Preprocessing (Edge Maps)
While pyramid + NCC worked well for almost all images, emir.tif
was problematic due to its brightly colored blue robe. The robe is very bright in the blue channel but appears much darker in red, misleading intensity-based metrics.
To address this, I implemented a simple edge detector using gradient magnitude (finite differences in x
and y
). Aligning on edges rather than raw intensities improved alignment, since structural features (e.g., robe outline) are consistent across channels even if brightness is not. Note this preprocessing step worked for all images except icon.tif
. This could be due to the many tiny edges/details in the image.
Problems
Without cropping, the algorithm often misaligned due to black/white borders and wrap-around effects. I incorporated a 20% border crop to avoid these artifacts and only use the center of the image for alignment.
For emir.tif
, I needed edge-based preprocessing to handle the strong color differences. To combat this, I implemented a preprocessing step of finding gradient magnitude to produce a "edge detector" map of the image.

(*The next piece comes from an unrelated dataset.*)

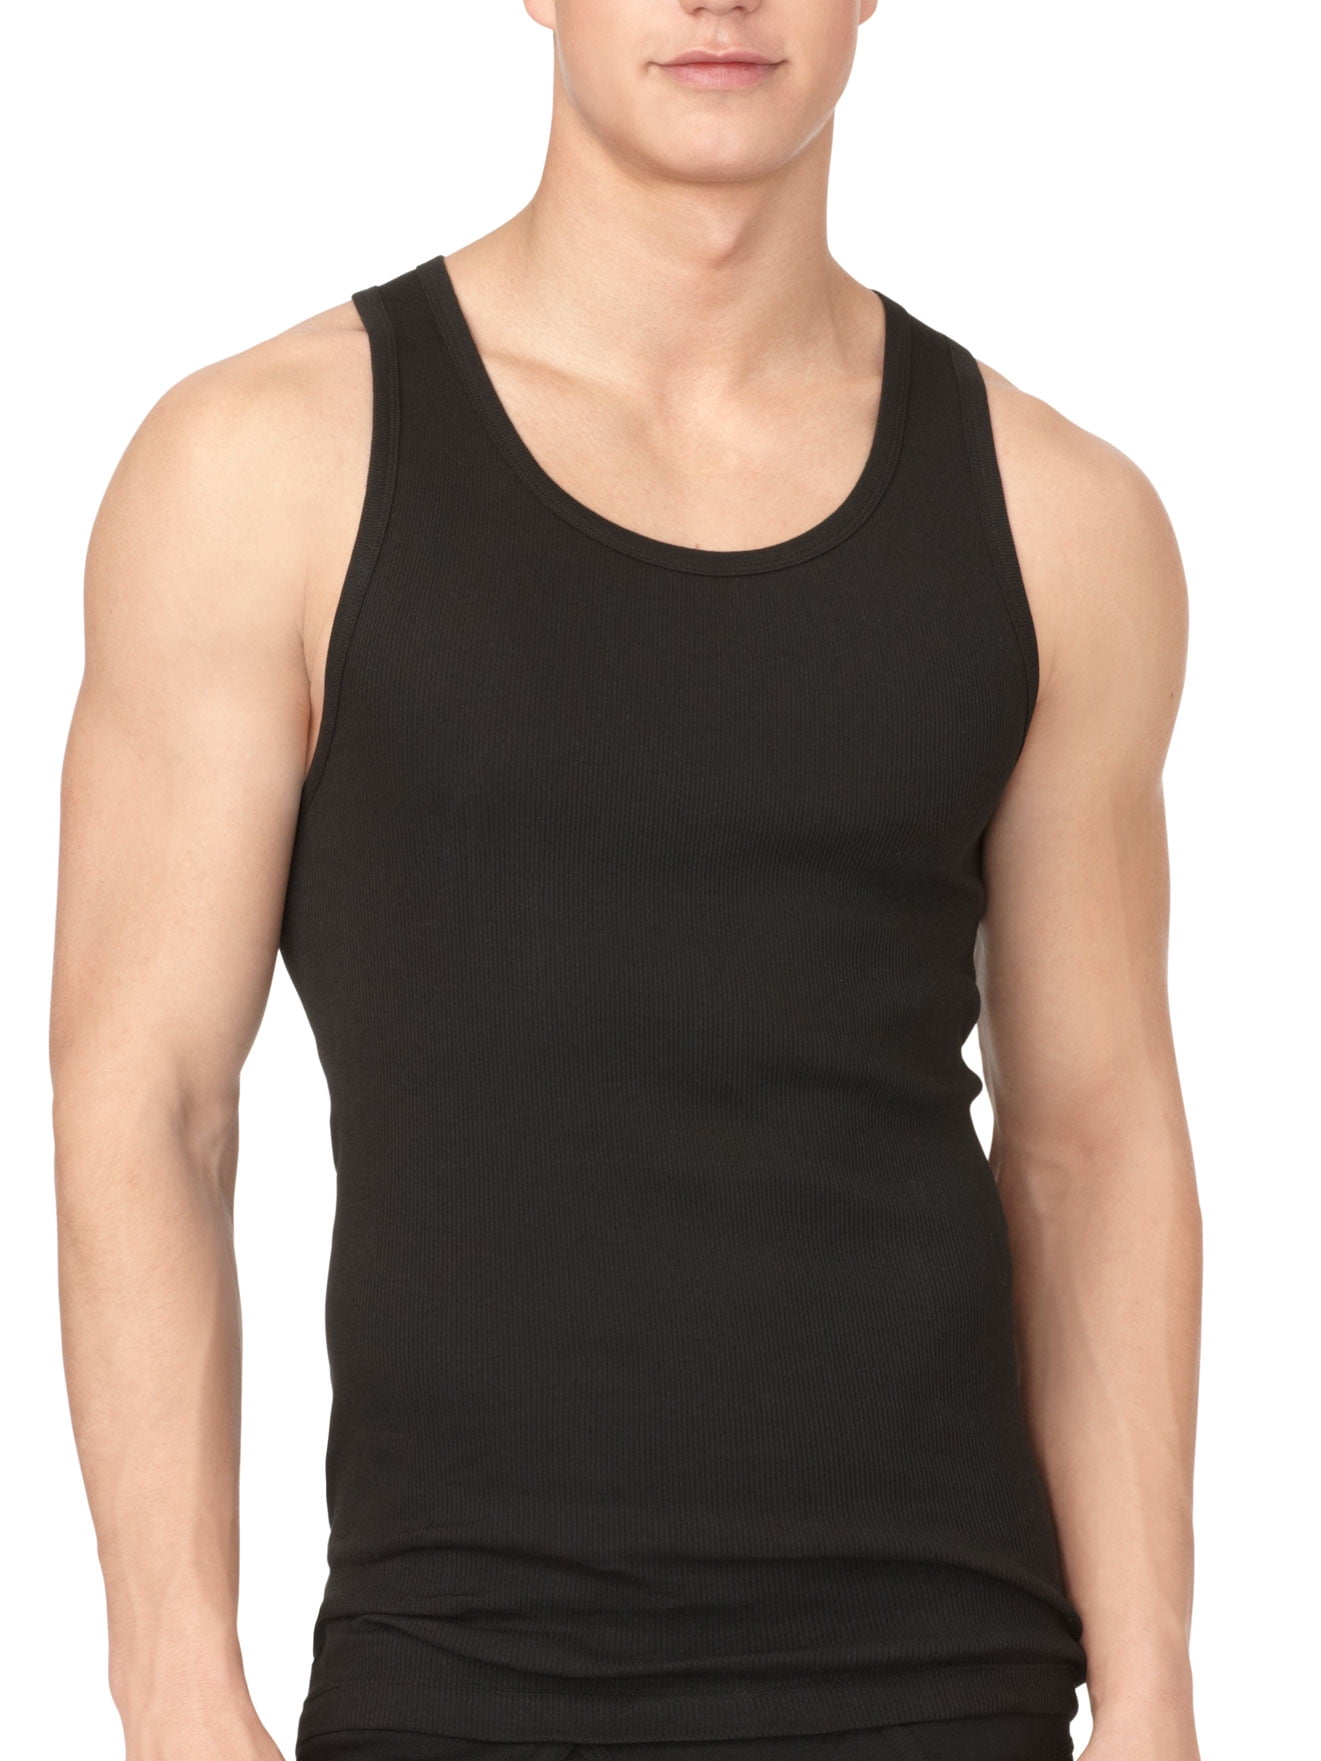 Calvin Klein Men's Cotton Rib Tank Top - 3 Pack, Black, XLarge 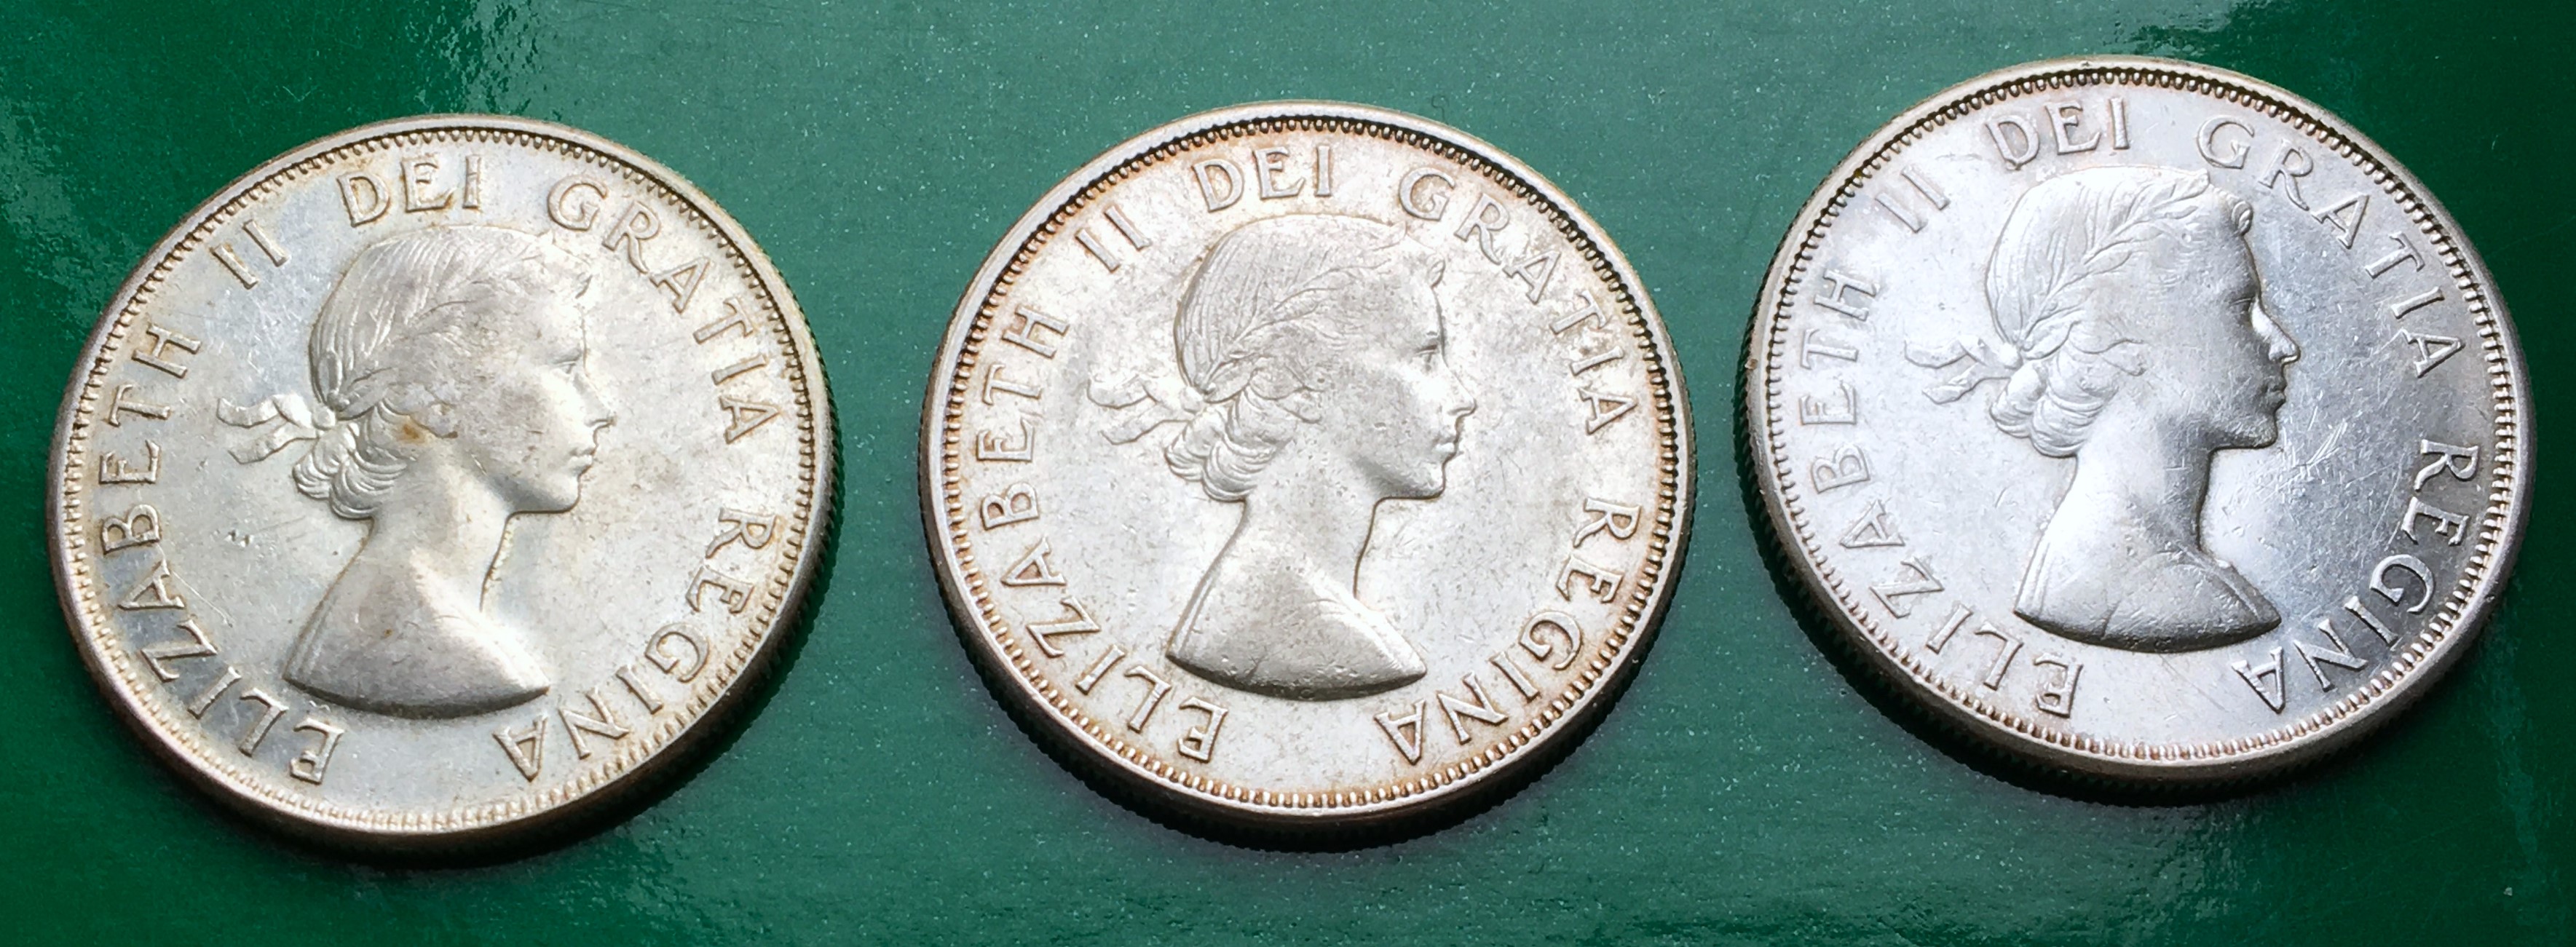 3 pièces de 50 cents avers.JPG

Initially, alignment took several minutes for .tif
images. Moving the cropping outside inner loops and using refine_window
at higher resolutions reduced runtime to under a minute.
cathedral.jpg
G aligned to B: (-5, -2)
R aligned to B: (-12, -3)
Before
After
monastery.jpg
G aligned to B: (3, -2)
R aligned to B: (-3, -2)
Before
After
tobolsk.jpg
G aligned to B: (-3, -3)
R aligned to B: (-7, -3)
Before
After
church.tif
G aligned to B: (-25, -4)
R aligned to B: (-58, 4)
Before
After
harvesters.tif
G aligned to B: (-60, -18)
R aligned to B: (-124, -13)
Before
After
icon.tif
G aligned to B: (-41, -17)
R aligned to B: (-90, -23)
Before
After
italil.tif
G aligned to B: (-38, -22)
R aligned to B: (-77, -36)
Before
After
lastochikino.tif
G aligned to B: (3, 1)
R aligned to B: (-75, 8)
Before
After
lugano.tif
G aligned to B: (-41, 17)
R aligned to B: (-92, 29)
Before
After
melons.tif
G aligned to B: (-80, -10)
R aligned to B: (-177, -13)
Before
After
self_portrait.tif
G aligned to B: (-78, -29)
R aligned to B: (-175, -37)
Before
After
siren.tif
G aligned to B: (-49, 6)
R aligned to B: (-96, 24)
Before
After
three_generations.tif
G aligned to B: (-53, -13)
R aligned to B: (-111, -9)
Before
After
emir.tif
G aligned to B: (-49, -24)
R aligned to B: (-107, -40)
Before
After
capri.tif
G aligned to B: (-28, 17)
R aligned to B: (-65, 34)
Before
After
milan.tif
G aligned to B: (-57, -13)
R aligned to B: (-125, -24)
Before
After
painting.tif
G aligned to B: (-30, -1)
R aligned to B: (-70, -6)
Before
After
Overview
The goal of this project is to take digitized Prokudin-Gorskii glass plate images and, using image processing techniques, automatically produce a color image with as few visual artifacts as possible. Each glass plate contains three grayscale exposures (Blue, Green, Red). The task is to extract these channels, align them correctly, and combine them into a single RGB image.
Approach
Using the provided skeleton Python code, I first imported the images, converted them to floats, and seperated each color channel (by thirds) before alignment. Then, I implemented two main alignment strategies: a naive exhaustive search for smaller images and a pyramid-based coarse-to-fine search for larger images, with additional preprocessing steps to improve alignment on difficult images (e.g., emir.tif
's different color channels).
Naive Alignment
The naive approach exhaustively searches over a fixed displacement window ([-15, 15]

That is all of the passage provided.